We Are Made Of Diamond Stuff (Shortlisted, The Goldsmiths Prize 2019)
A 36-year-old queer working-class migrant arrives on the Isle of Wight and gets a job with best friend Shae in a trashy hotel with an absent boss and equally hard to pin down wages. Attempts to gain citizenship amidst the Brexit chaos are constantly thwarted, UKIP supporters lurk on street corners, and an alcoholic parent never quite appears.
Even before the first page, there are indications that Waidner’s second novel, We Are Made of Diamond Stuff, is purposely pushing boundaries. There is a note to alert readers to the list of referenced material in the back of the book and a contents page whose chapter headings draw evocations of Situationist posters or the type of captions seen on memes for millennials:
DRUGS ARE A THING OF THE PAST WE ARE NOT HIGH ON LIFE
IF YOU STILL THINK IT’S A MERITOCRACY GO BACK TO START
This punchy off-kilter tone continues as the story unfolds. Throughout the book, the pages are peppered with brackets and ALLCAPS: brackets serve as a note of calm explanation amidst the chaos, and the capitalised text becomes their manic antithesis, screaming in joy, rage or confusion.
While bosses and parents are pointedly absent, a cast of sidekicks and villains come to life from unlikely corners. Polar bears leap from their embroidered position on Shae’s t-shirt and playfight with a pair of Reebok classics on the hotel reception desk. Shae and our nameless narrator try to follow along with the childlike exploits of the Reeboks (who are poets) and polar bears (novelists).

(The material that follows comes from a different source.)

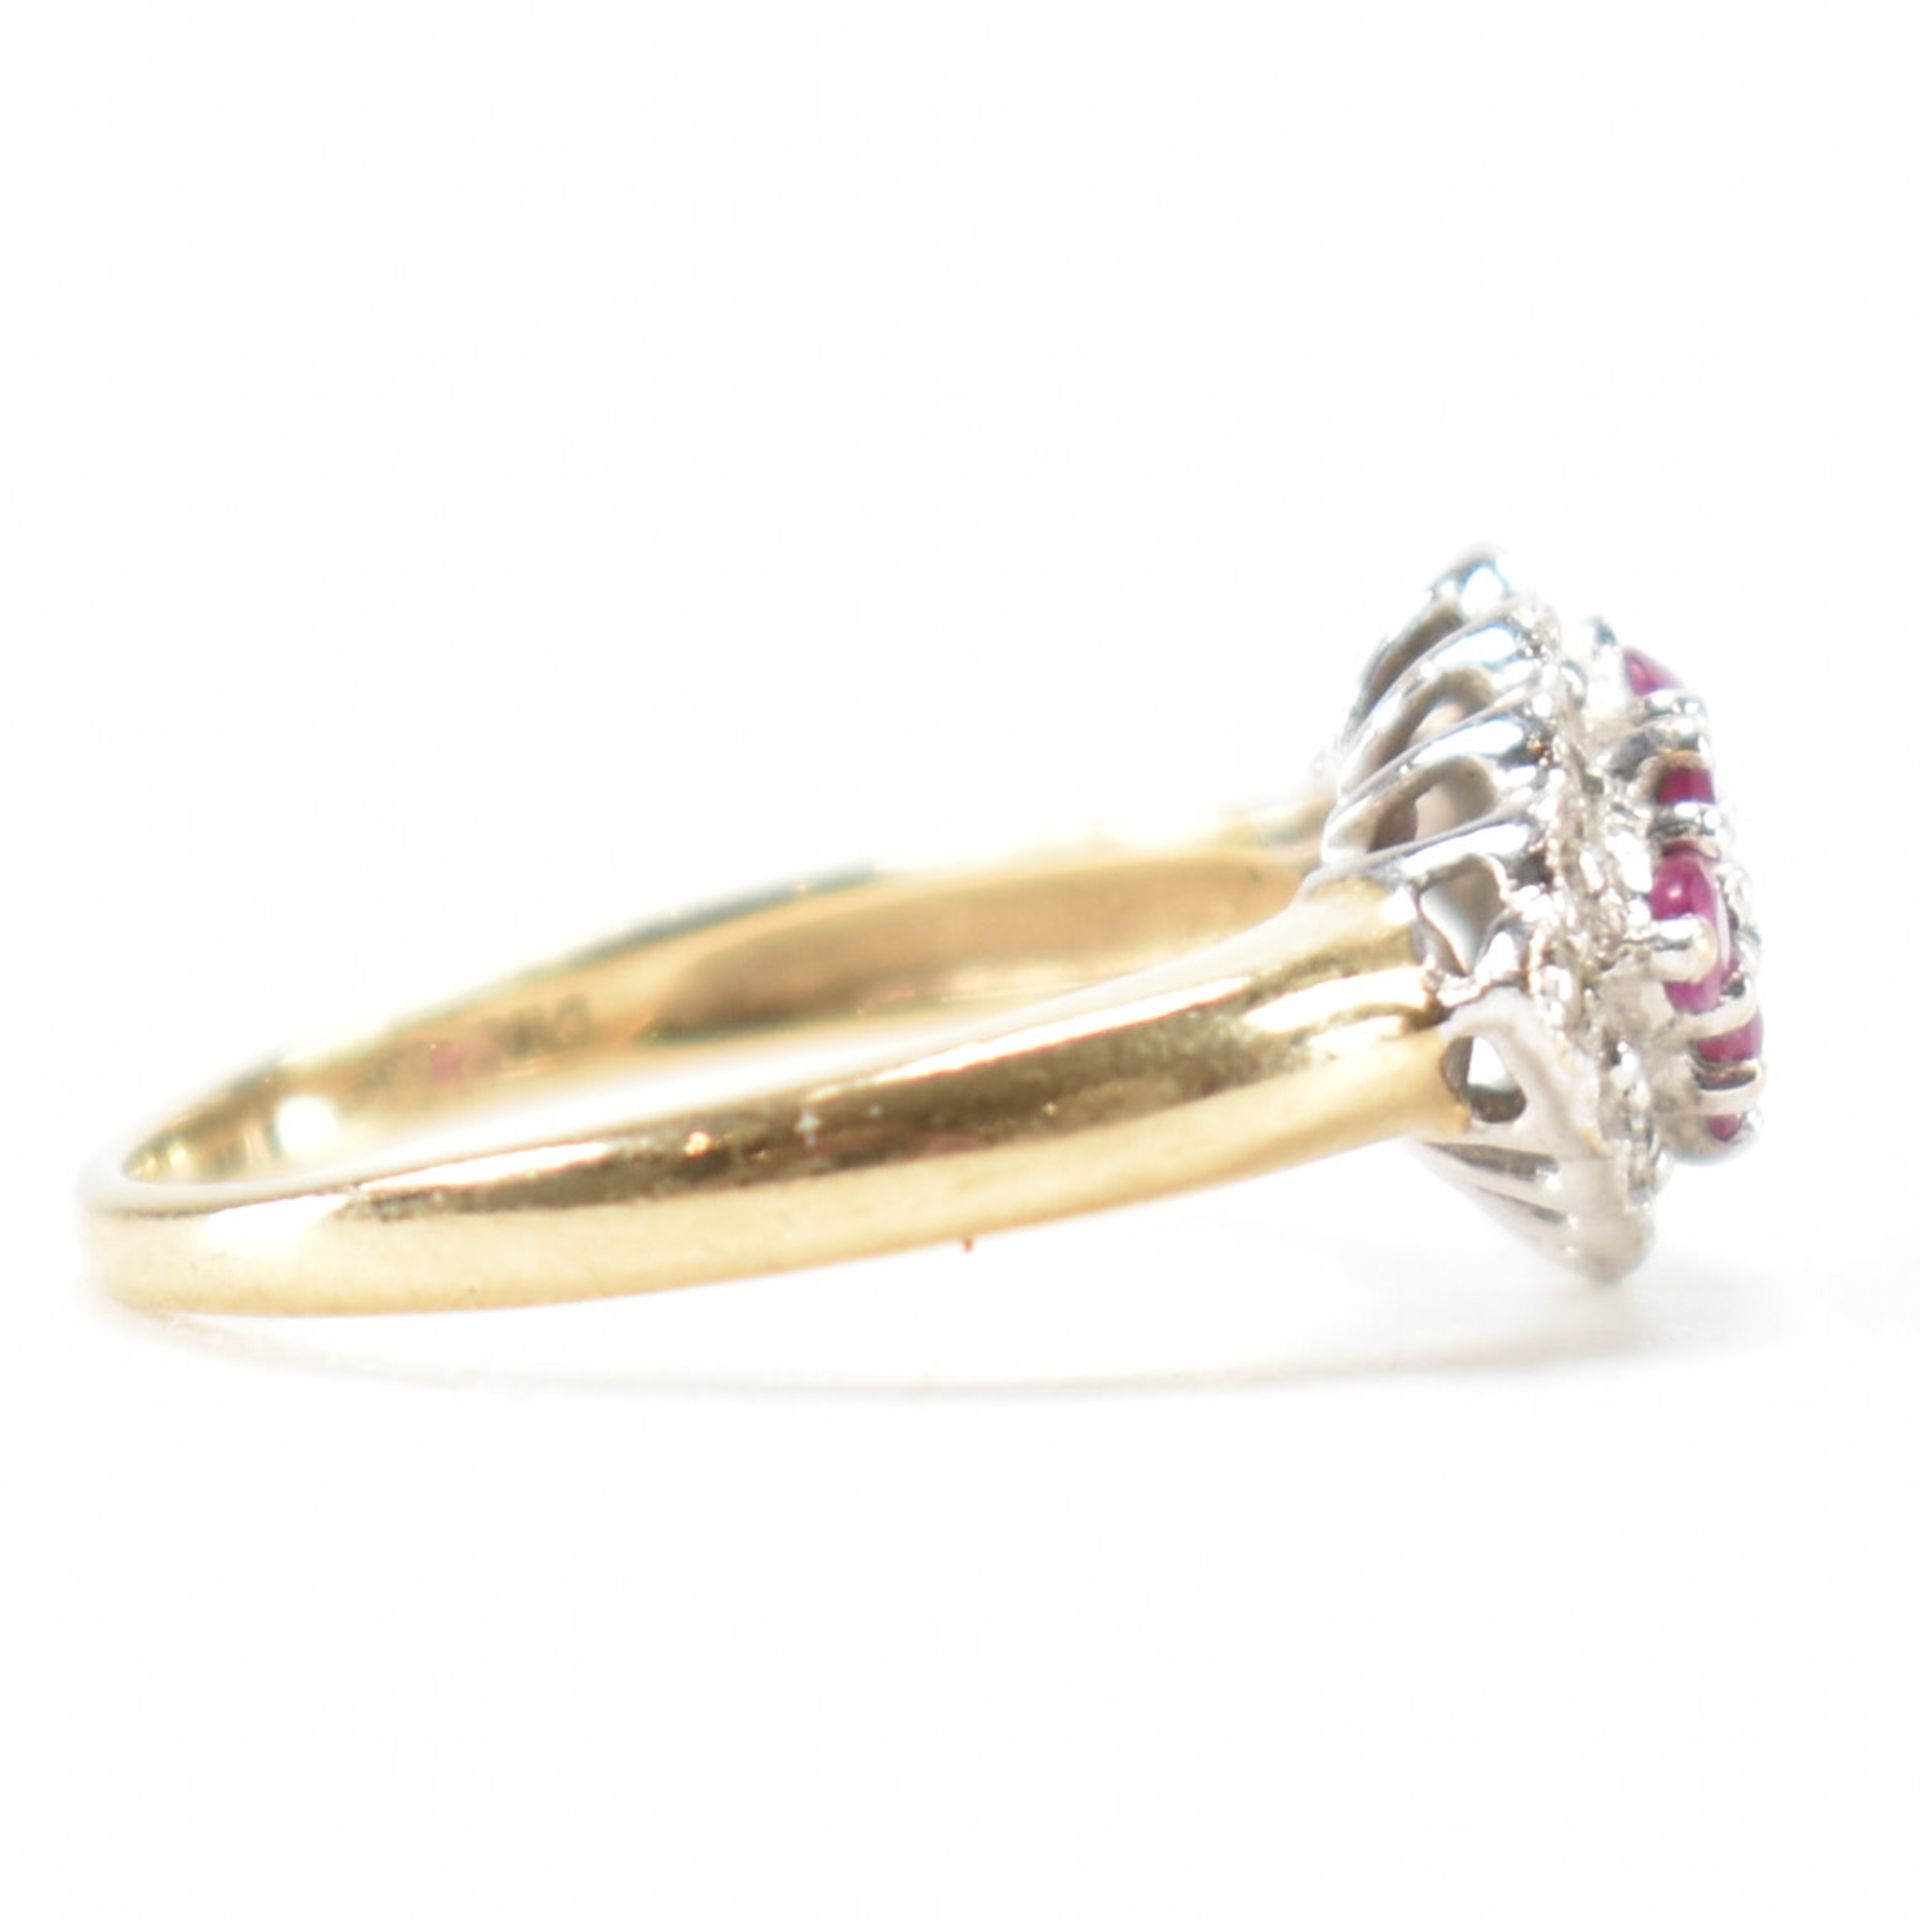 HALLMARKED 9CT GOLD RUBY & DIAMOND CLUSTER RING - Image 5 of 9

Yet these are not the only surprising cameo parts in this bewildering slapstick noir odyssey. In a rapid-fire stream of consciousness, our hero introduces real world contemporary indigenous poets, 70s avant-garde novelists, fashion designers, social theorists and disgraced figure skaters. The effect is of a gloriously dysfunctional extended family of characters, objects and ideas struggling to relate.
Therein lies the beating heart of this novel — a story about relationships. It is a touching and precisely observed depiction of queer friendship, but beyond that is a story of the relationships that we have with the symbols that clarify, restrict or liberate human experience.
Isabel Waidner is not just a socially conscious novelist; they also happen to be a critical theorist intent on weaponising avant-garde literature for the fight against a multitude of contemporary evils. We are Made of Diamond Stuff playfully takes aim at elitist prescriptions of cultural value by pitting vibrant symbols of working-class identity against villains appropriated from the middle-class literary canon. By depicting the nightmare Brexit tension with creative irreverence, Waidner challenges nationalist assumptions of identity and belonging. After passing their citizenship test, the protagonist is handed their certificate:
Keep this certificate in a safe place, it says. The test centre does not retain records of test outcomes. What is it with the Home Office and safe places, they really have no idea.
In notes about the novel published in Hotel magazine, Waidner asks, ‘Can we have fictions that try to help advance a progressive politics within marginalised communities and beyond, please, and can these fictions function as a mode of cultural resistance.’ We Are Made of Diamond Stuff will do this and more if readers are brave enough to lean into its disorienting wisdom.